Lesson 2: Make it easy for humans
The current structure of Alife is to guide people down a particular path around account and transactional inquiries. There are predominantly billing and checking your balance inquiries.
“You need to try and think about how a human would interact,” King said. “For example, no one knows their account number, so we use mobile number as a proxy. That benefits the customer’s experience.”
Another objective was to try to contain the experience in the bot so customers didn’t have to be pushed to Web pages. King said AGL is now in the process of loading 9000 scripts from chat into the back-end to cater for more scenarios via the chatbot.
Lesson 3: Have metrics for success
Throughout the process, King said it was important to have clear metrics for success.
“We doubled our customer satisfaction in one month by reviewing what customers were doing an iterating on a day-to-day basis,” he said. “An end of chat survey is essential to that. Our intent is to get to same level of customer satisfaction as with our human agents, then increase on that.”
Lesson 4: Know when it’s time to go live
Another consideration is the “when” to launch a chatbot for your brand.
“In time, we’ll have generalist bot to answer all questions. Right now, however, we can only cater for limited number of transaction intents from customers,” King said. “So you want to think about when you surface your chatbot – on which page, or how long after they have been browsing.”
Lesson 5: Adapt your testing principles
Thinking differently about testing for the chatbot also proved critical. “We tripped up without automated testing on day one,” King admitted. “We had one comma in the text which broke everything. Save yourself the heartache by having automatic testing from the get go.”
Lesson 6: Embrace personality and personalisation
Personality is a further consideration and potentially something digital and innovation teams haven’t had as much exposure to. According to King, the rule of thumb with a chatbot is to have a tone of voice “that’s witty and informative but not amusing. Comedy is subjective.”
Context is another killer. “Many organisations are thinking more about personalisation, getting to that segment of one, and that’s the opportunity digital can bring to bear,” he said. “When you boot up chat, you should have a lot of information about individuals in the first place, then build on that.”
To help, AGL is looking to tap into Watson’s real-time sentiment longer term so that if chat is in full flight and a red flag is going off, teams can tackle it in the moment.
Lesson 7: Find the tech path of least resistance
In hindsight, if there’s one thing he’d change, King said it would have been going with IBM and LivePerson in the first place. “Find the path of least resistance.
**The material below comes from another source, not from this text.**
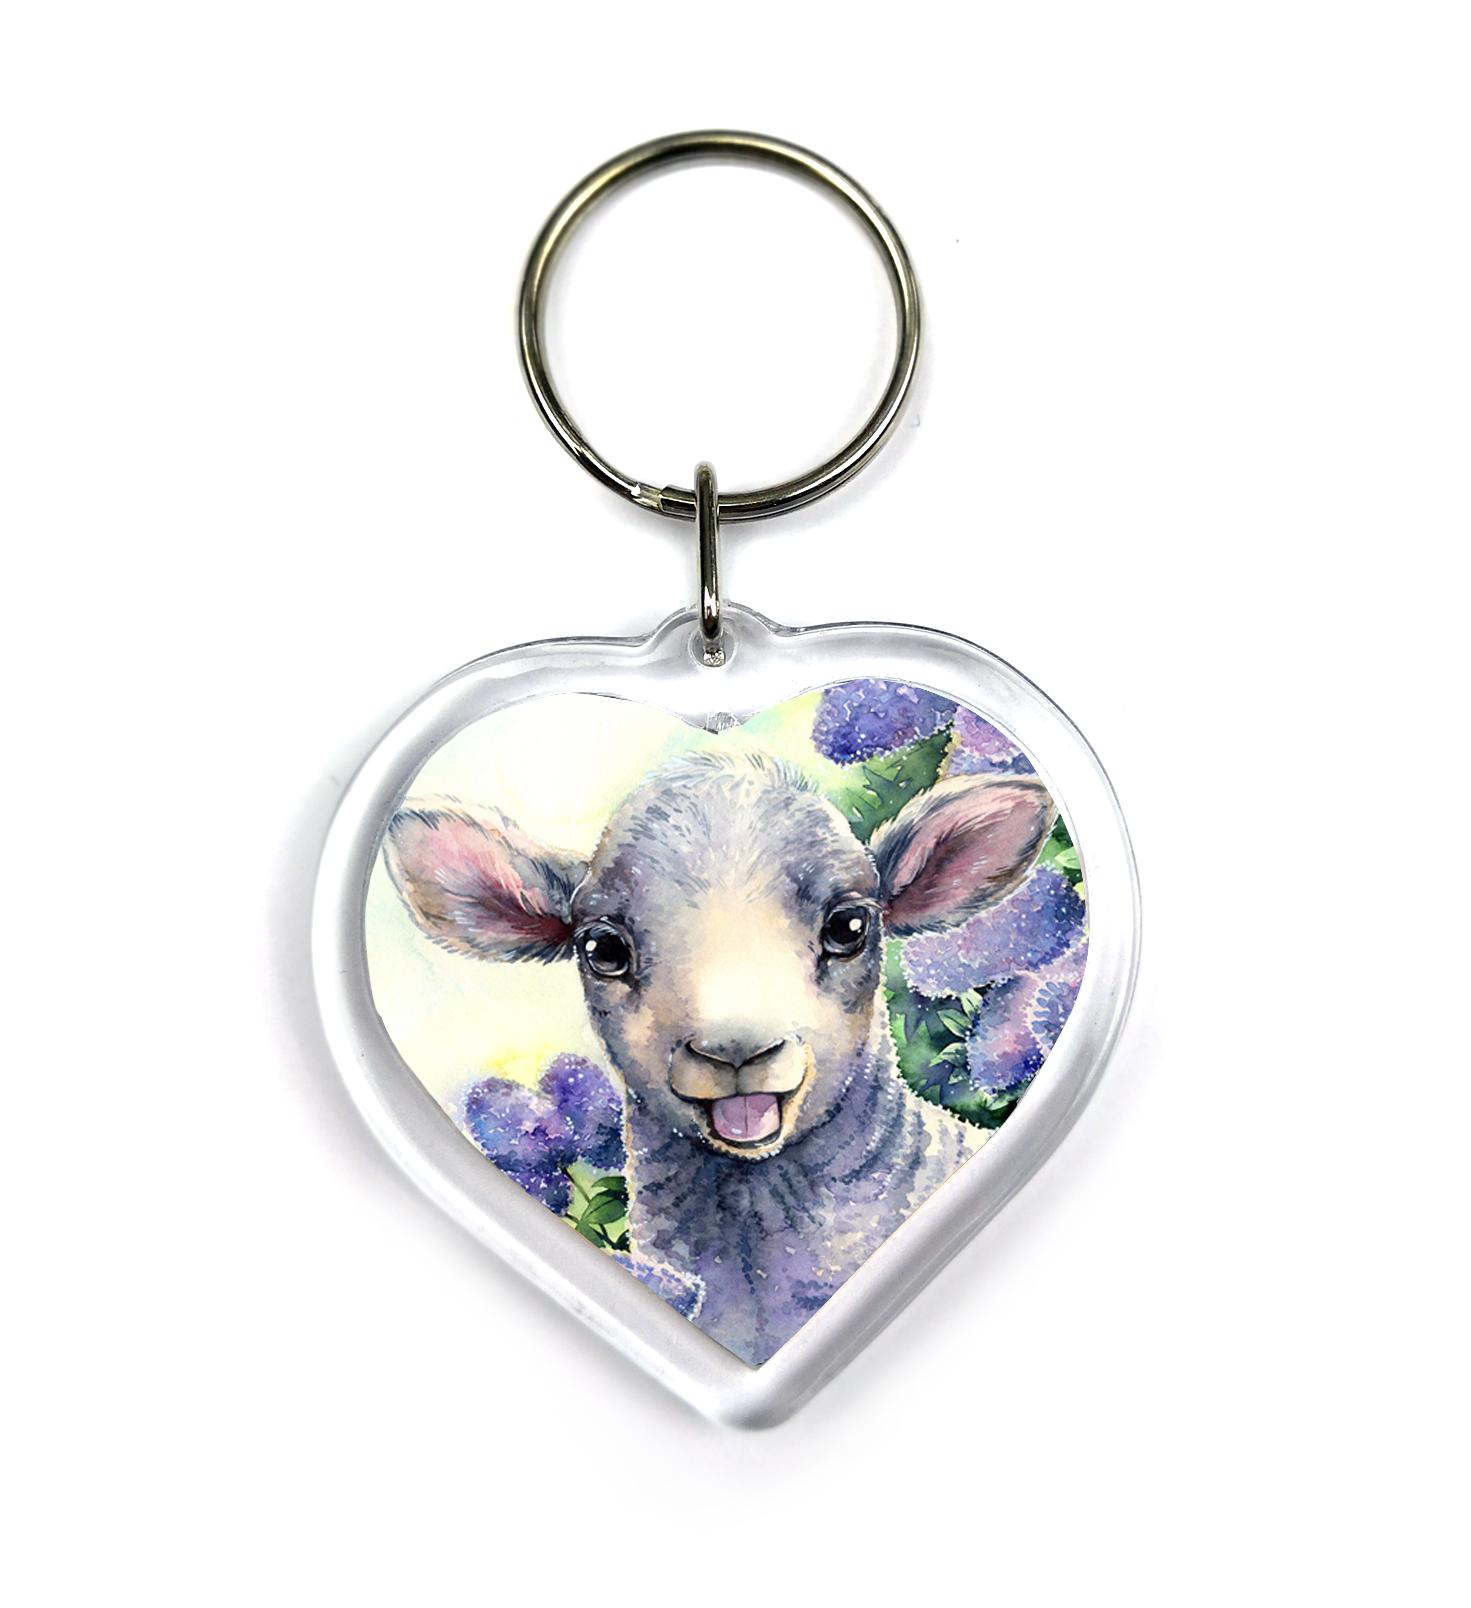 Keychain - Little Lamb

LivePerson does 50 million chats per month and has a strategic relationship with Watson. This means they plug in relatively effortlessly and we could build on the shoulders of giants,” he said.
While AGL’s chatbot is fairly limited at present, King saw a future where customer questions can be answered in different ways.
“If true listening is understanding how people feel and communicating that, then we do want to get to the point where people feel like the bot is listening,” he concluded. “That might mean your experience with a bot, even if you ask the same questions, might be different to my experience. That’s based on the data we have and what we think will work for you.”